В конце пути — ехали уже больше суток — мы ночью приехали в Адлер. Наши проводницы уже спали, вагон был почти пустой и двери закрыты изнутри, заперты. Не знаю почему, но в кассах Адлера билеты на наш поезд не продавали, видимо вперёд начальник поезда сообщил, что мест нет (непонятно почему, но так бывало в то время), а на самом деле мест было полно свободных. И на вокзале Адлера была масса людей, которым до утра, до первых электричек, было не уехать из Адлера дальше по побережью, в сторону Сухуми. Я просто вышел покурить на перрон, один, все в вагоне уже спали, и я тоже собирался покурить и идти спать в свой вагон. Было около 3 часов ночи. И тут ко мне подскочила какая-то возбужденная тётка: «До Гудауты возьмете?» Наверное, она решила, что я проводник. А я ничего ей не сказал, дверь в вагон была открыта, я пожал плечами — почему бы и нет, вагон-то пустой! Я не сказал ей: “ Садитесь», а просто не возражал. Пожал уклончиво плечами, и всё. Она поняла это как согласие, замахала руками: «Галя, Галя!» И с ней ещё несколько человек — тётка и квартирантки-отдыхающие, которых они на перроне для себя нашли, ломанулись в вагон. Все другие вагоны, кроме ещё одного дальнего, были закрыты.

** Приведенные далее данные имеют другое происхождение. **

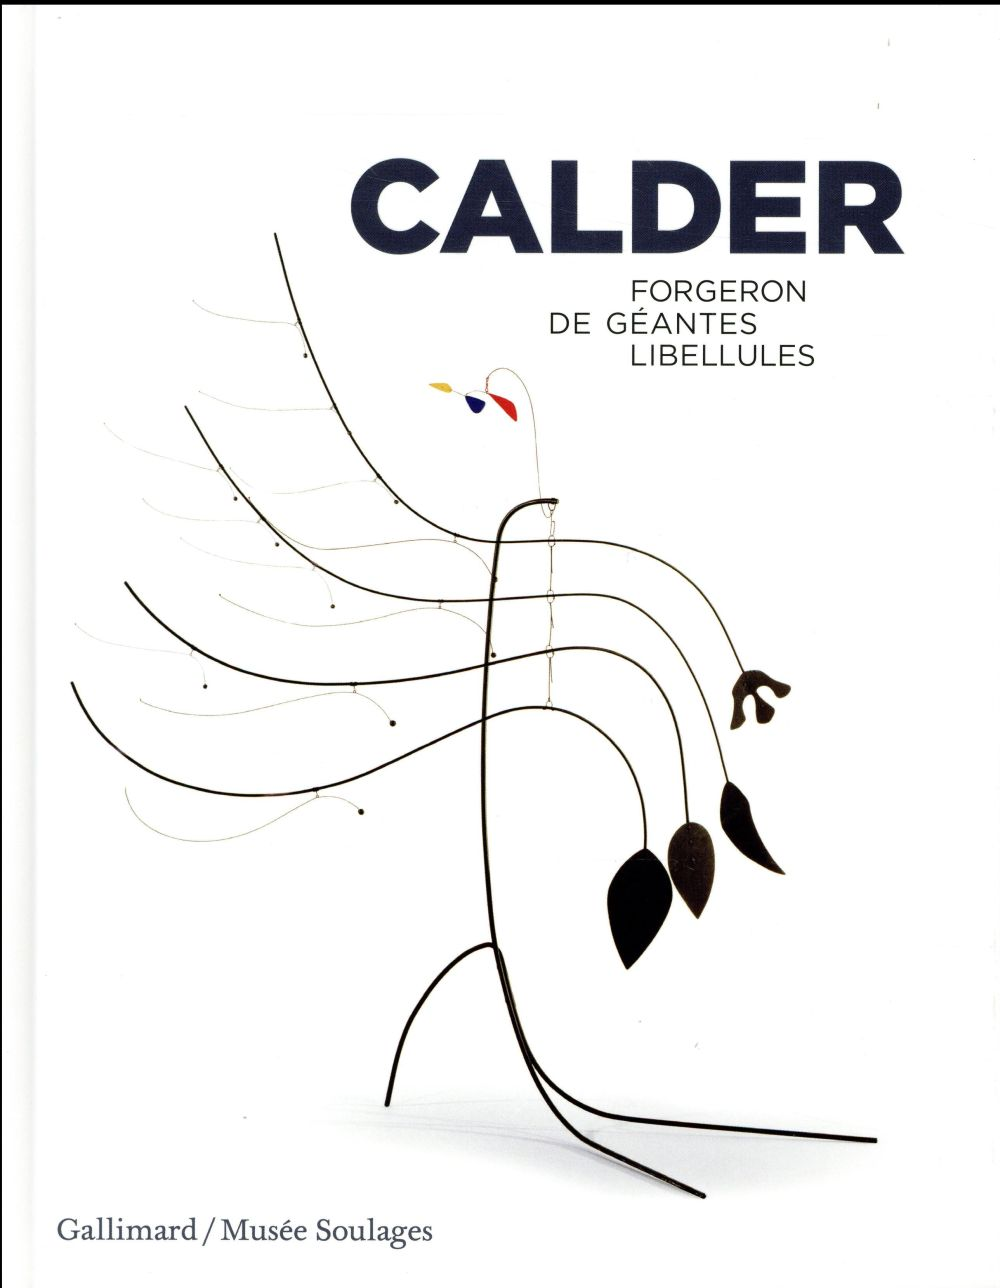 Calder ; forgeron de géantes libellules

«И следом ко мне прискакала вся толпа.»

Я первый раз ехал в те края, и название Гудаута услышал впервые в жизни. Ситуация складывалась очень интересная.

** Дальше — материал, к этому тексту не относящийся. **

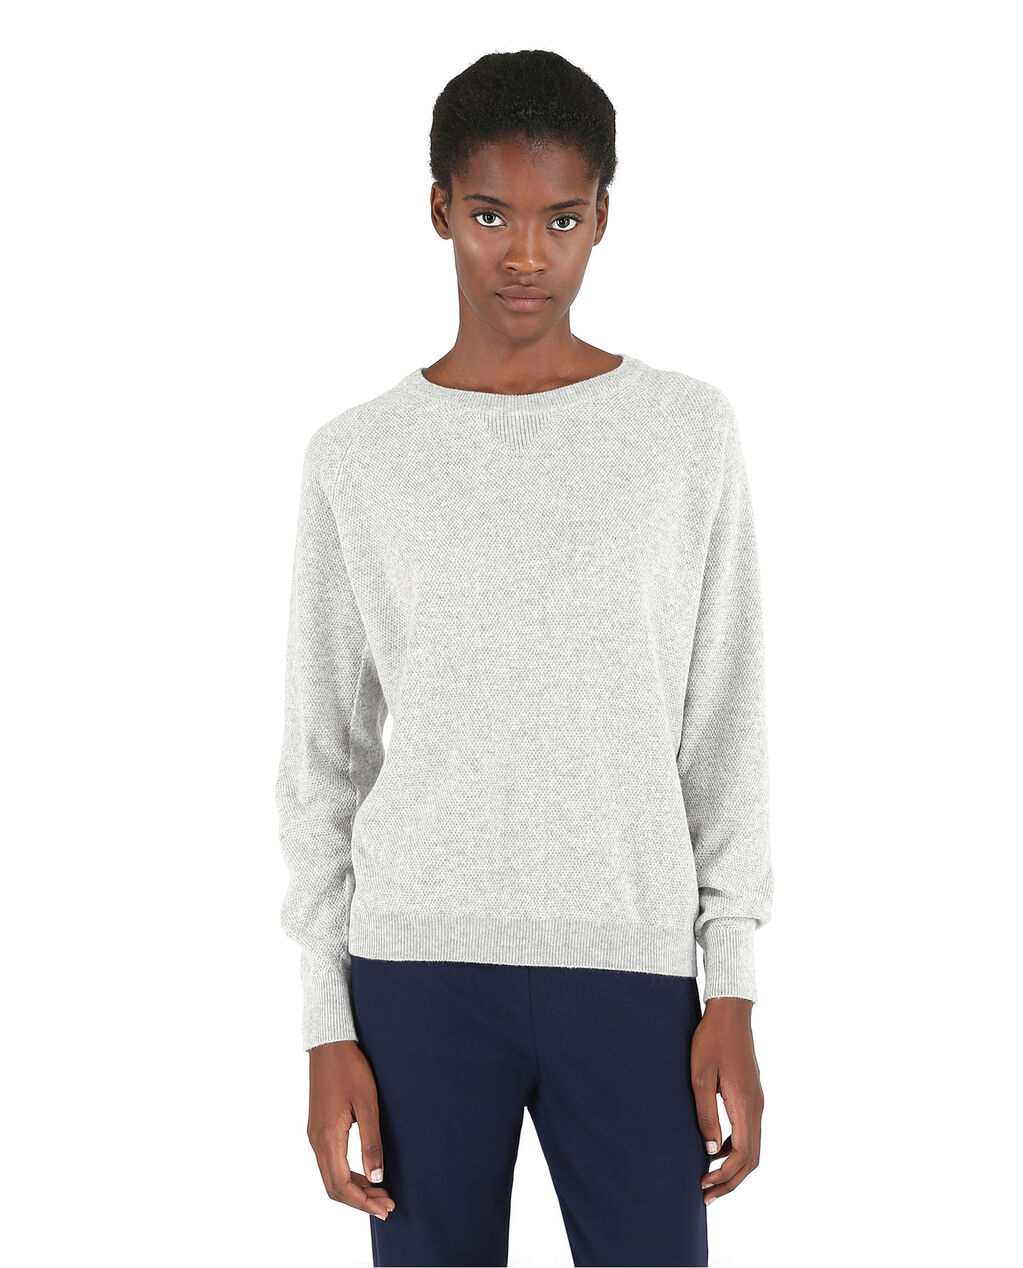 W'S Cashmere Stitches Sweater

И я тогда решил, что пусть уж все желающие с нами попутешествовать только до Гудауты едут, чтобы хоть какой-то порядок был. И вот, до Гудауты набился полный вагон народа. Это был купейный вагон, так люди сидели во всех купе, на всех откидных стульчиках в проходе, и даже стояли. А наши проводницы так и спали в проводницкой… Я зашёл к ним, посмотрел толстую книжку с названиями всех маршрутов поездов и всех ж/д станций в СССР, у них на столе лежала такая книжка огромная. Выяснил, что станция Гудаута будет через 2 часа после Адлера. Я в Адлере тоже впервые в жизни был, и то в это время — в 2 часа ночи ничего не видно, куда я попал, а перроны — они везде одинаковые. Ну, поезд тронулся, мы всем пёстрым табором поехали в Гудауту.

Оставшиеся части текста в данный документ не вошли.